The New Jersey State Interscholastic Athletic Association Tournament of Champions (NJSIAA TOC) is the sports tournament for New Jersey high schools that determines which high school will be crowned as the #1 overall team in the state for each sport. It takes the state champions from each group (see external links) and matches them up against one another, regardless of school size or enrollment status (public or private), to determine the top overall team in New Jersey.

Certain steps must be taken to qualify for the TOC. First, a high school must qualify for the state playoffs by accumulating a .500 or better win percentage for the season before the cut-off date. This will enter them into the sectional tournament of the state playoffs. Next, the team must win all of its playoff games through the sectionals and into the state tournament. Only when a high school wins the state championship for their respective group will they be able to participate in the Tournament of Champions.

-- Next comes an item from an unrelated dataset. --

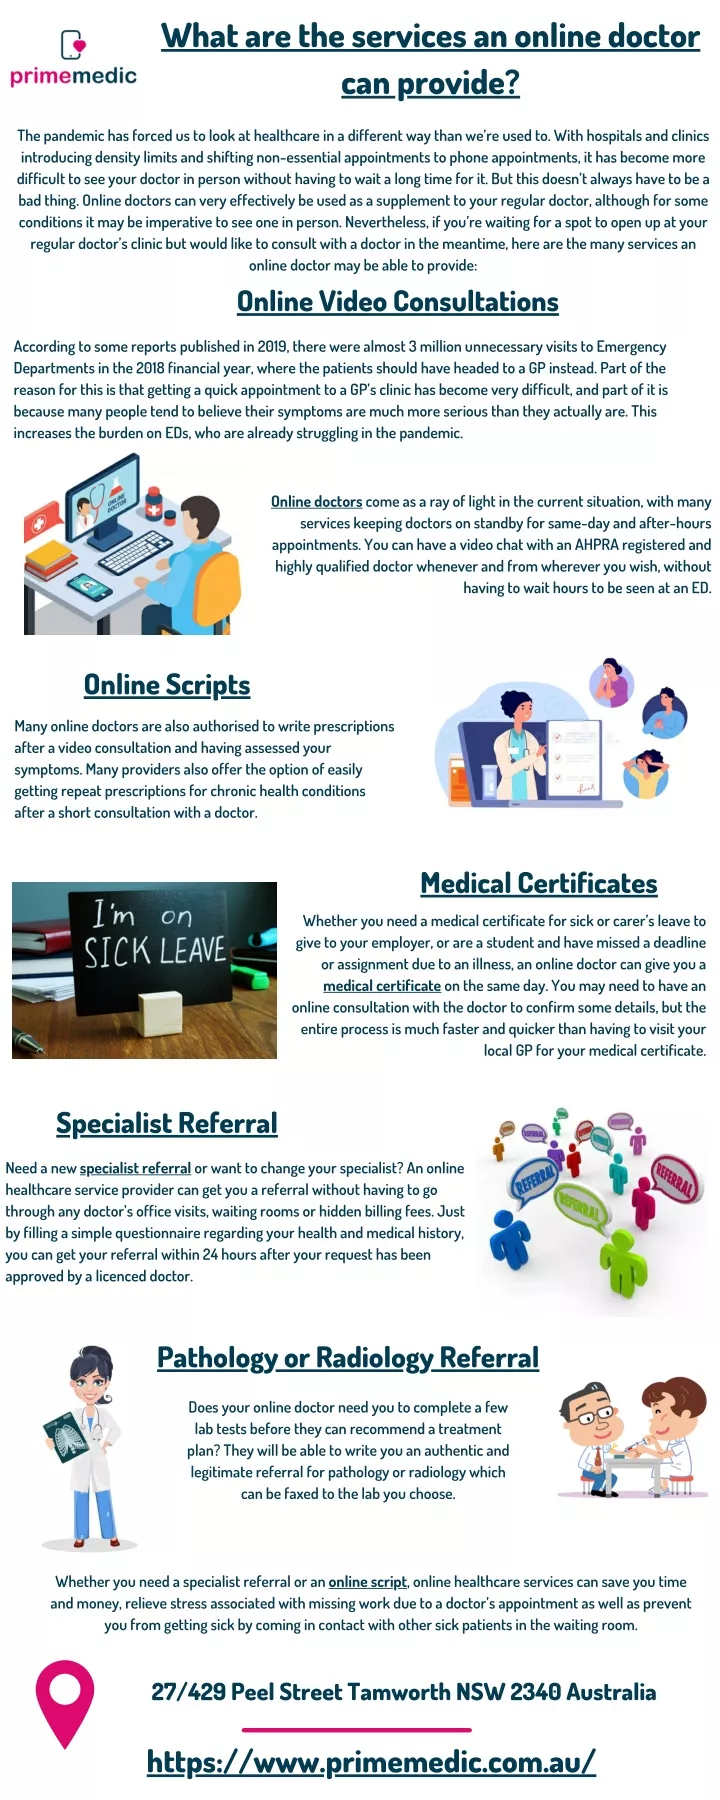 what are the services an online doctor can provide
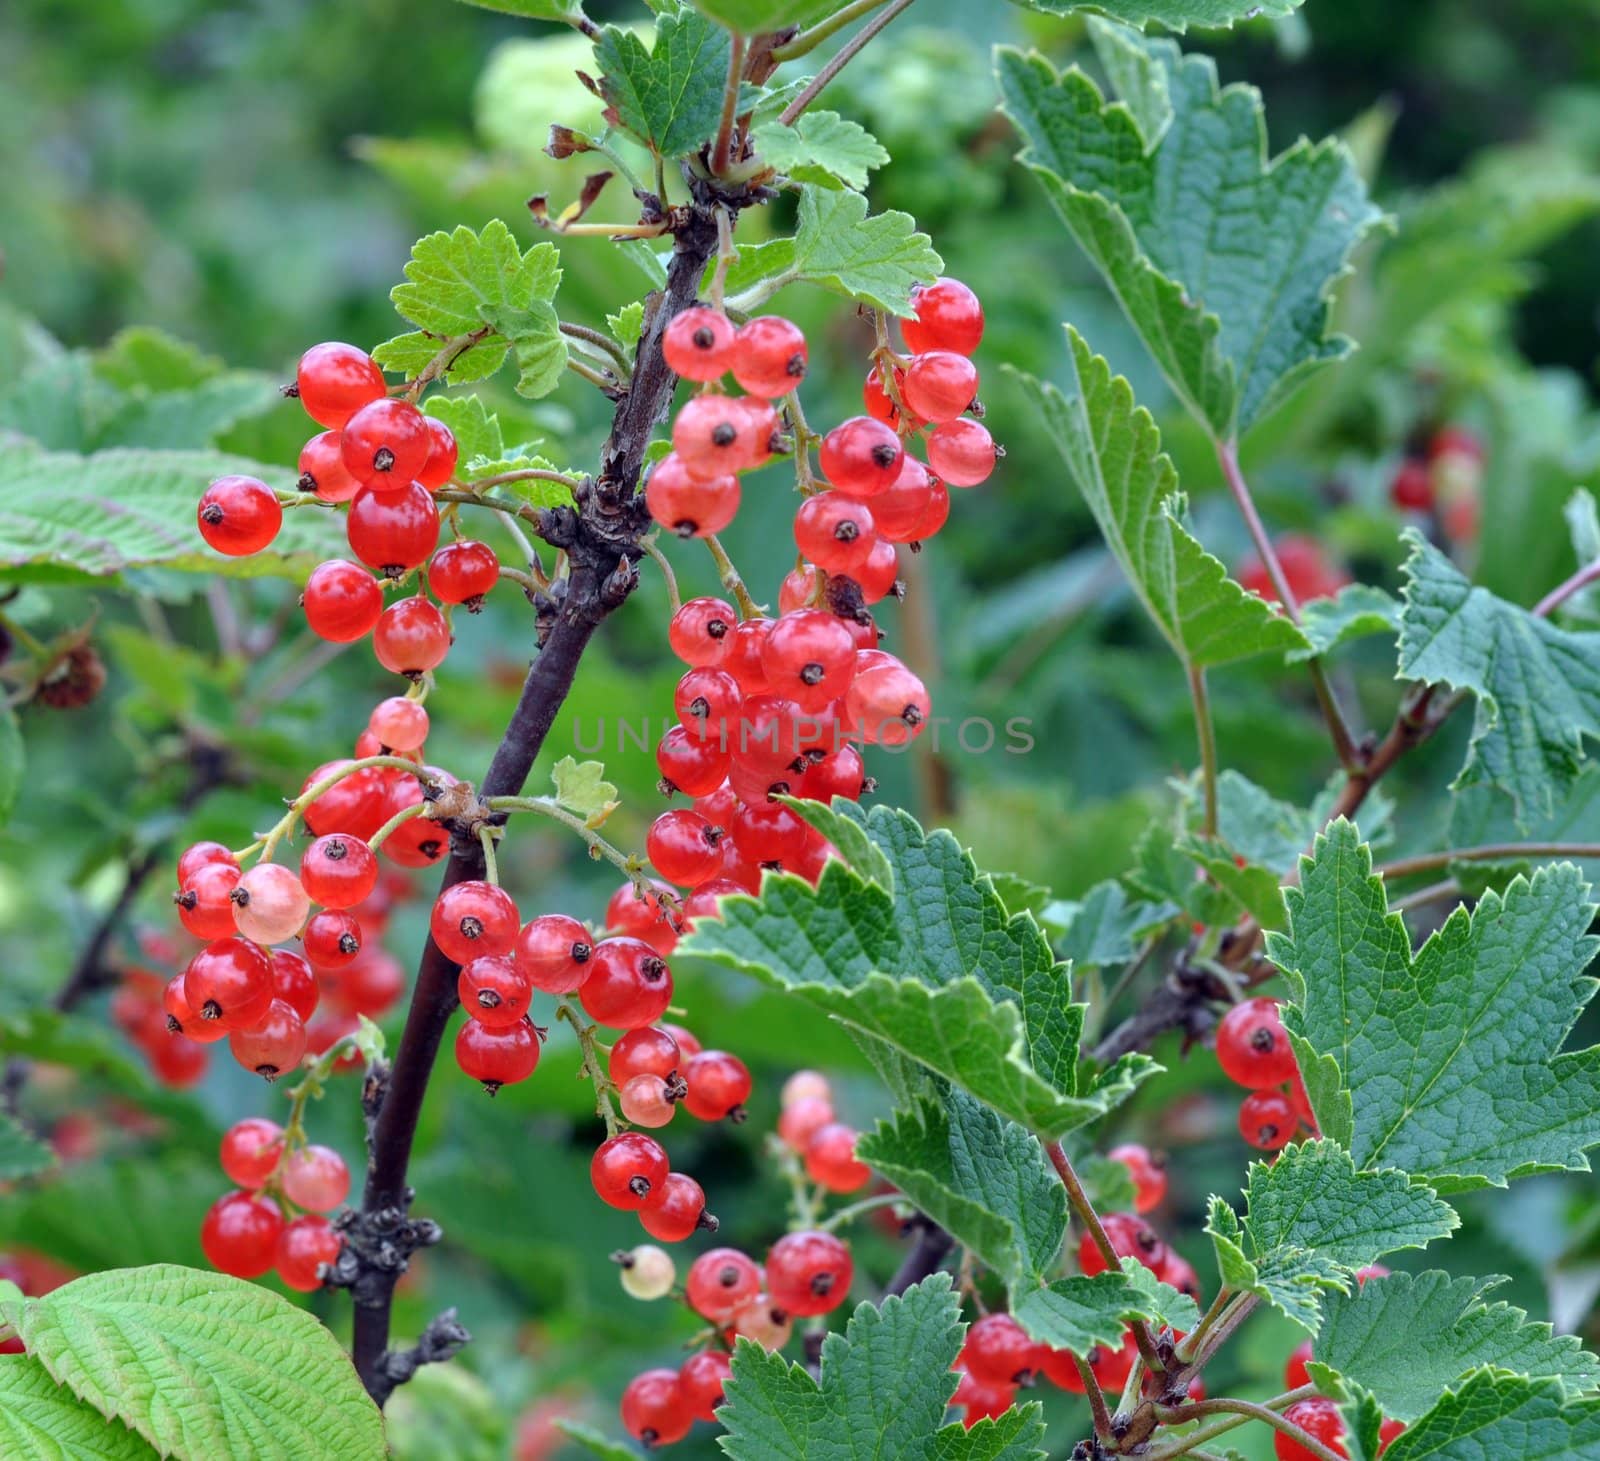 Red currant by alexcoolok

Not all high school sports in New Jersey offer a TOC. For boys, the tournament is offered in basketball (established in 1989), cross country, lacrosse (since 2004), tennis, and indoor / outdoor track. No soccer or football TOCs exist due to the length of those seasons which often conflict with the start of the winter sports. For girls, the sports are basketball (since 1989), cross country, field hockey (since 2006), lacrosse (2007), softball (2017), tennis, indoor / outdoor track, and volleyball. 

For some sports, there are no group championships. All schools, public and non-public, compete for the state championship. For the boys it is bowling, fencing, golf, and volleyball. For the girls it is bowling, fencing, golf, and gymnastics.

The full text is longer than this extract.